Exercise prompt
Give the data again exactly as written, skipping any pictures.

Information supplied
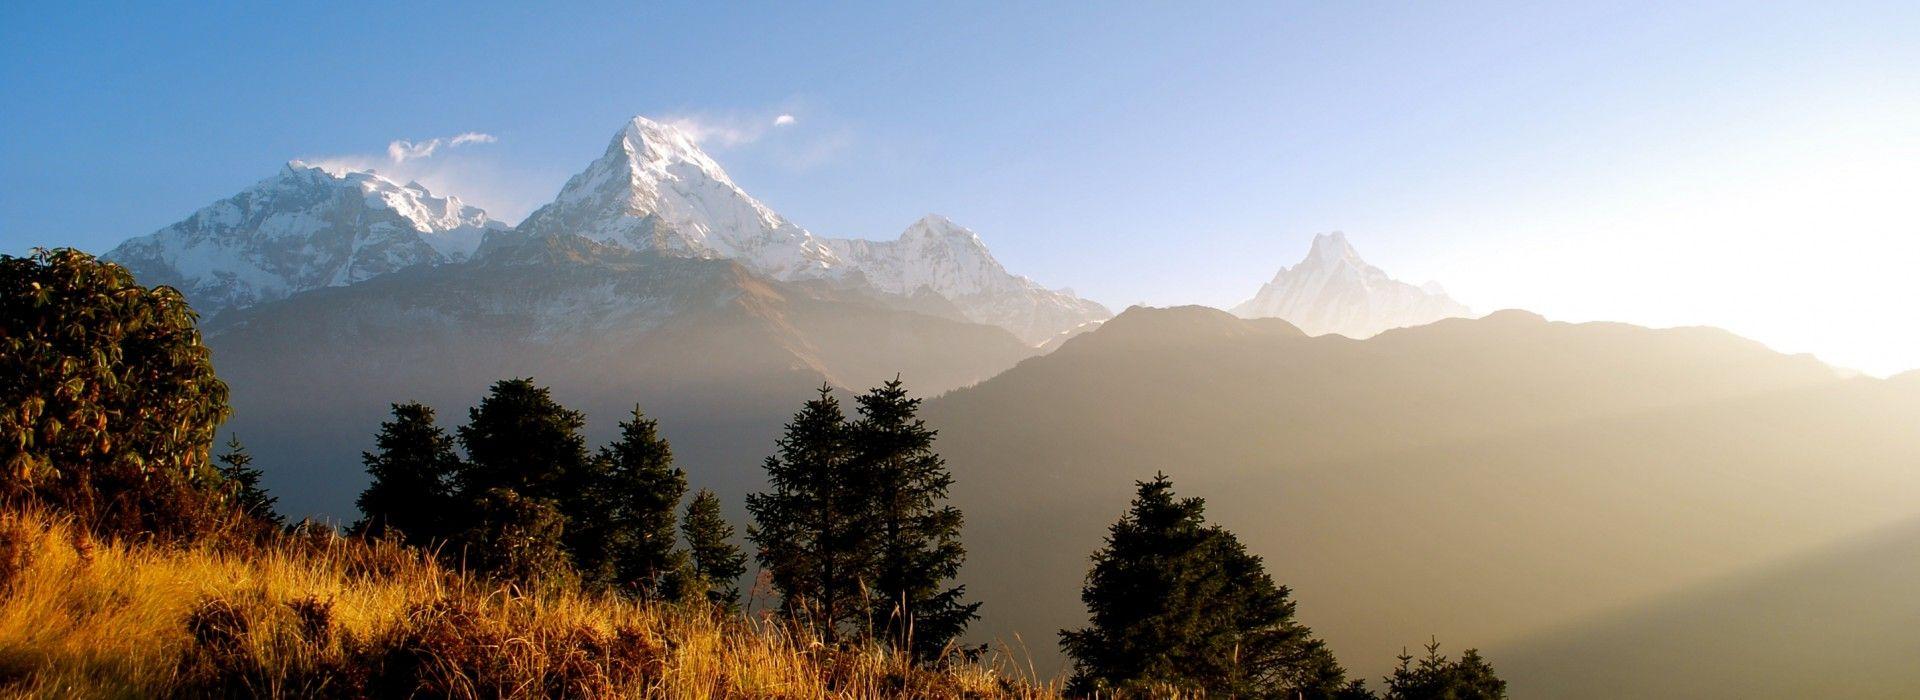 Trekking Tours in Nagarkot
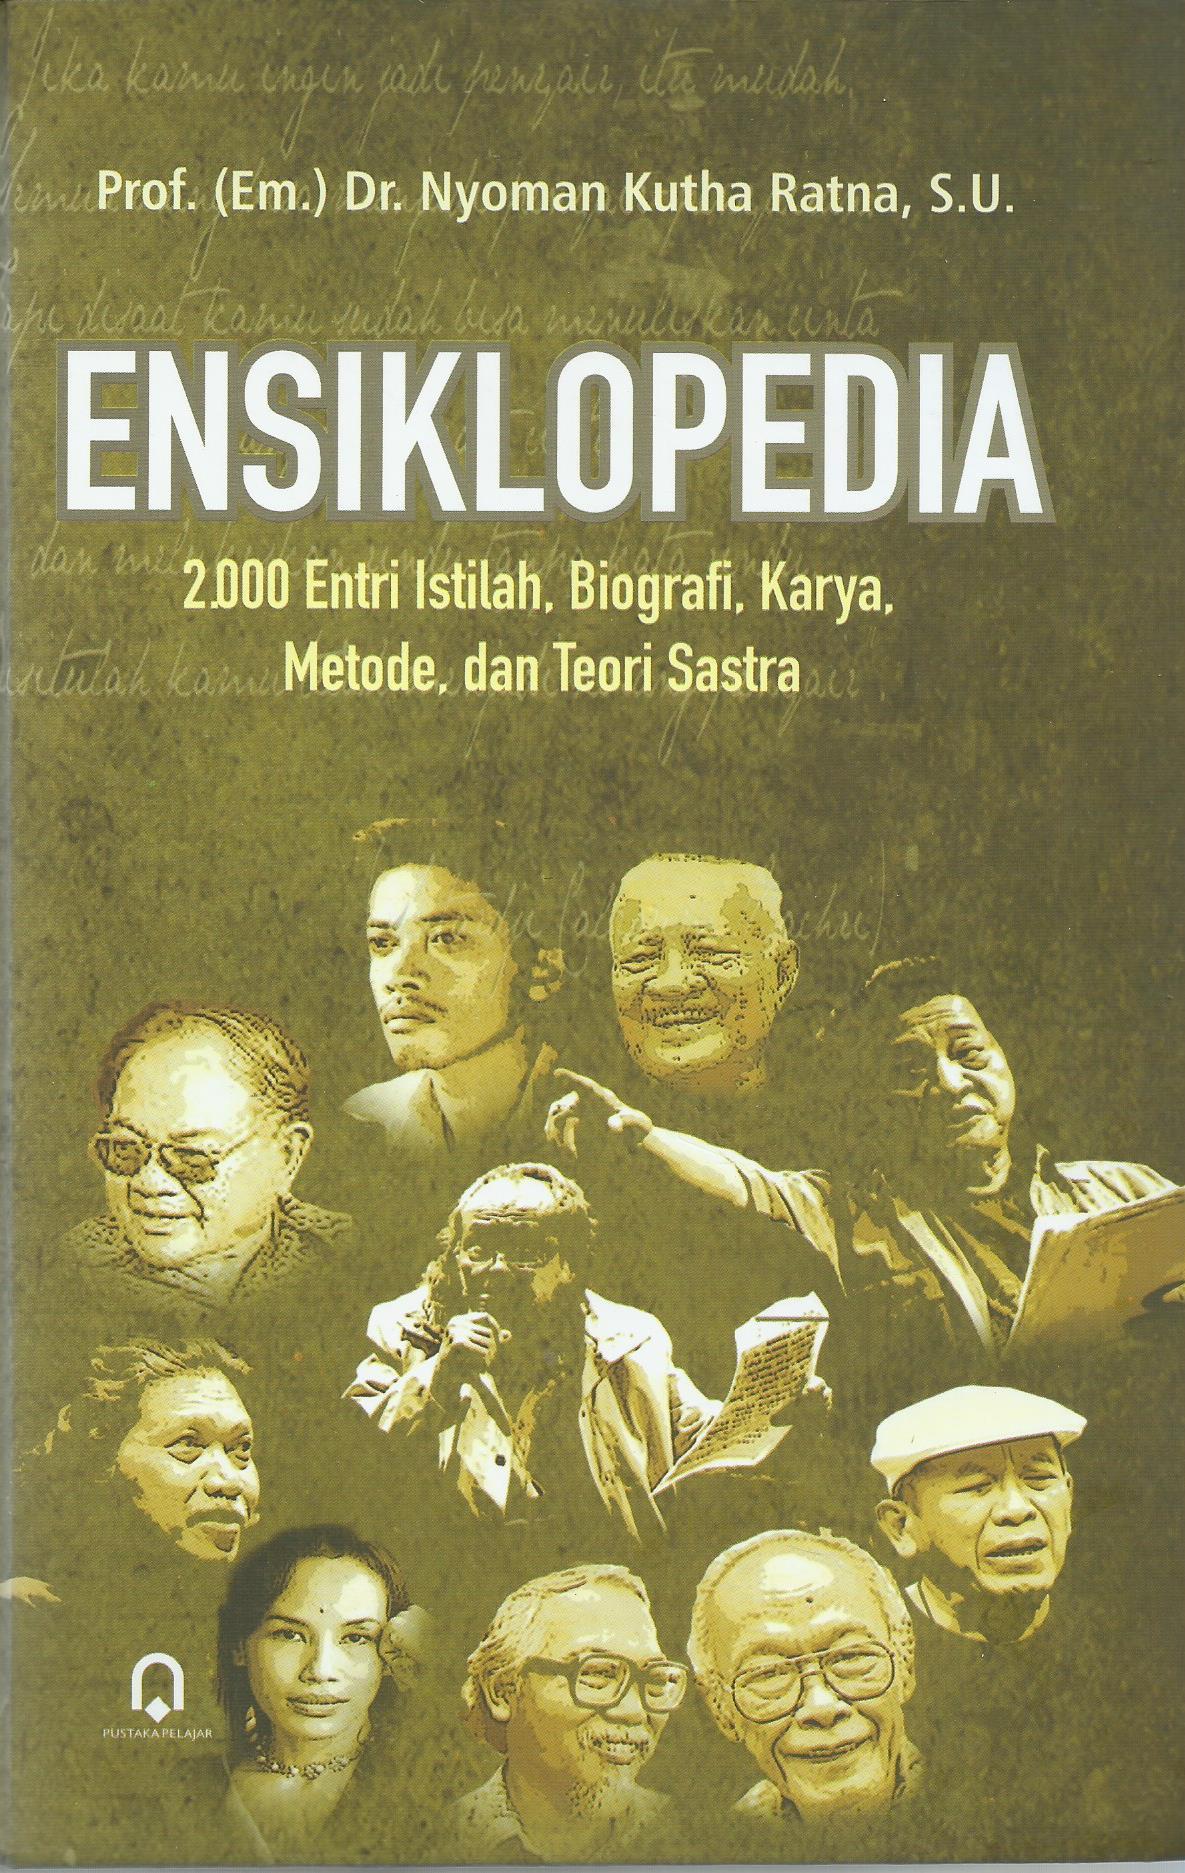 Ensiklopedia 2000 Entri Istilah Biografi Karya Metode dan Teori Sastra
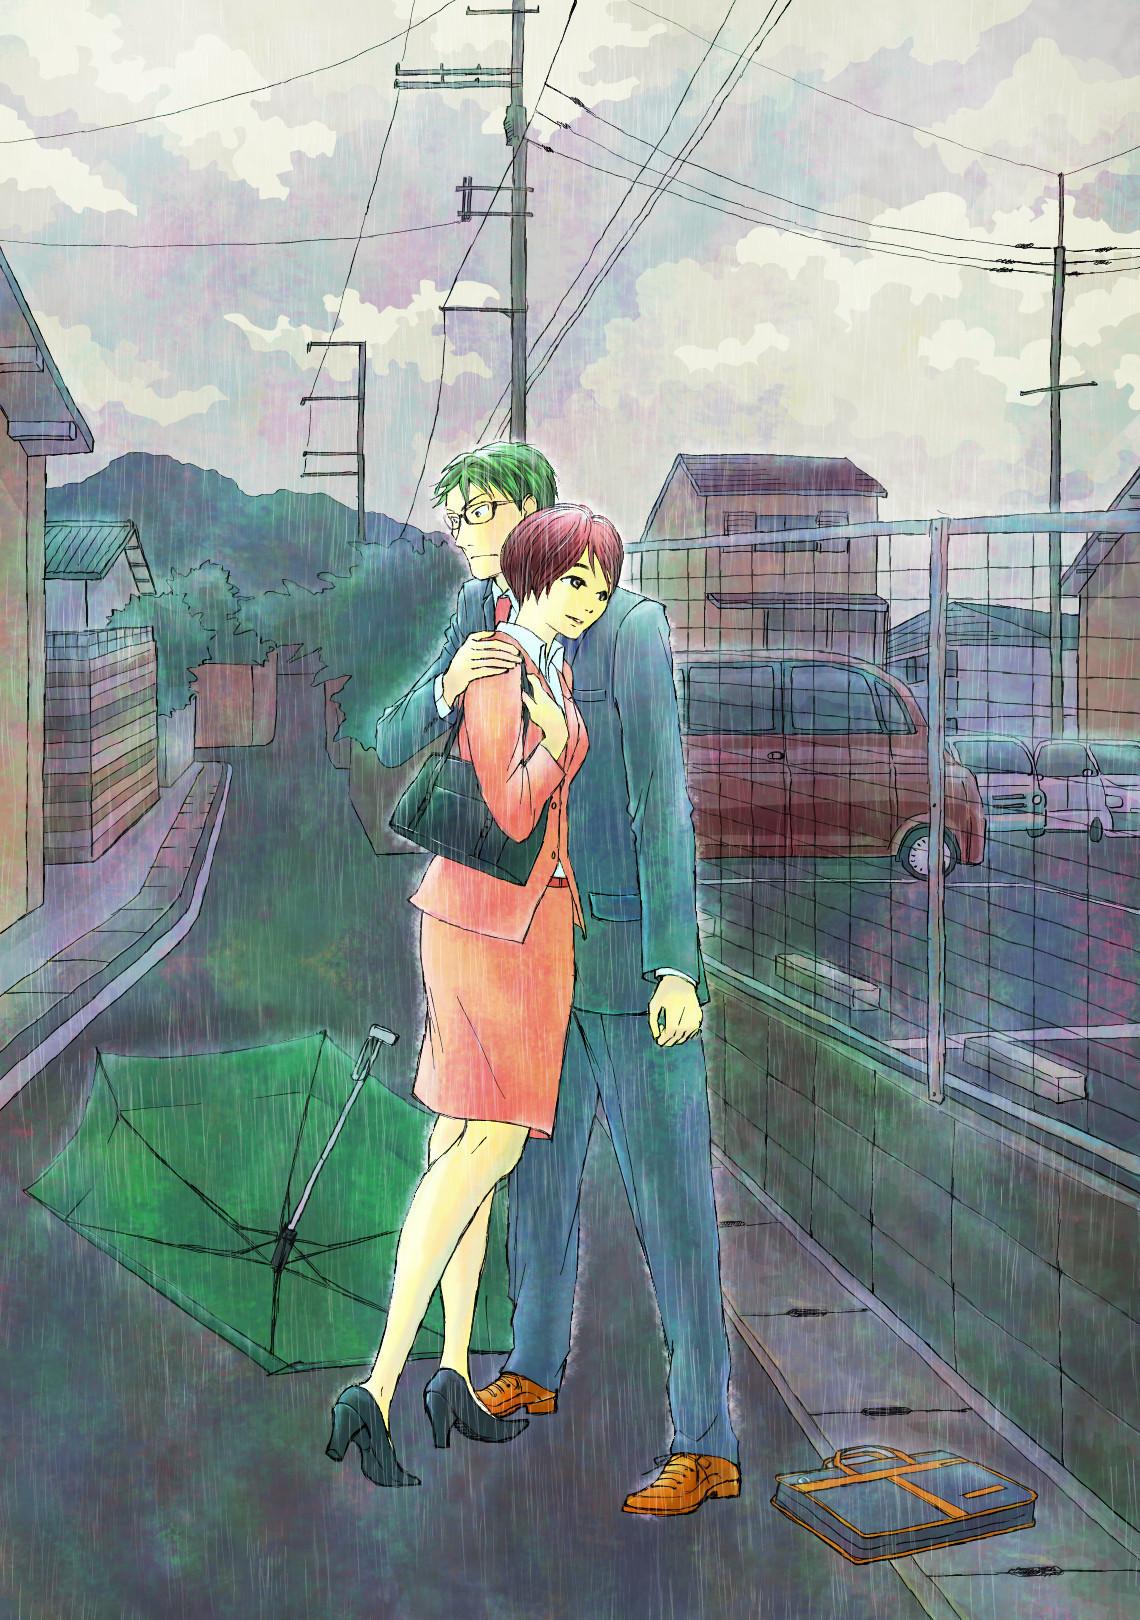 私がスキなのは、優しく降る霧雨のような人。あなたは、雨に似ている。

Finished task
 Trekking Tours in Nagarkot
 Ensiklopedia 2000 Entri Istilah Biografi Karya Metode dan Teori Sastra
 私がスキなのは、優しく降る霧雨のような人。あなたは、雨に似ている。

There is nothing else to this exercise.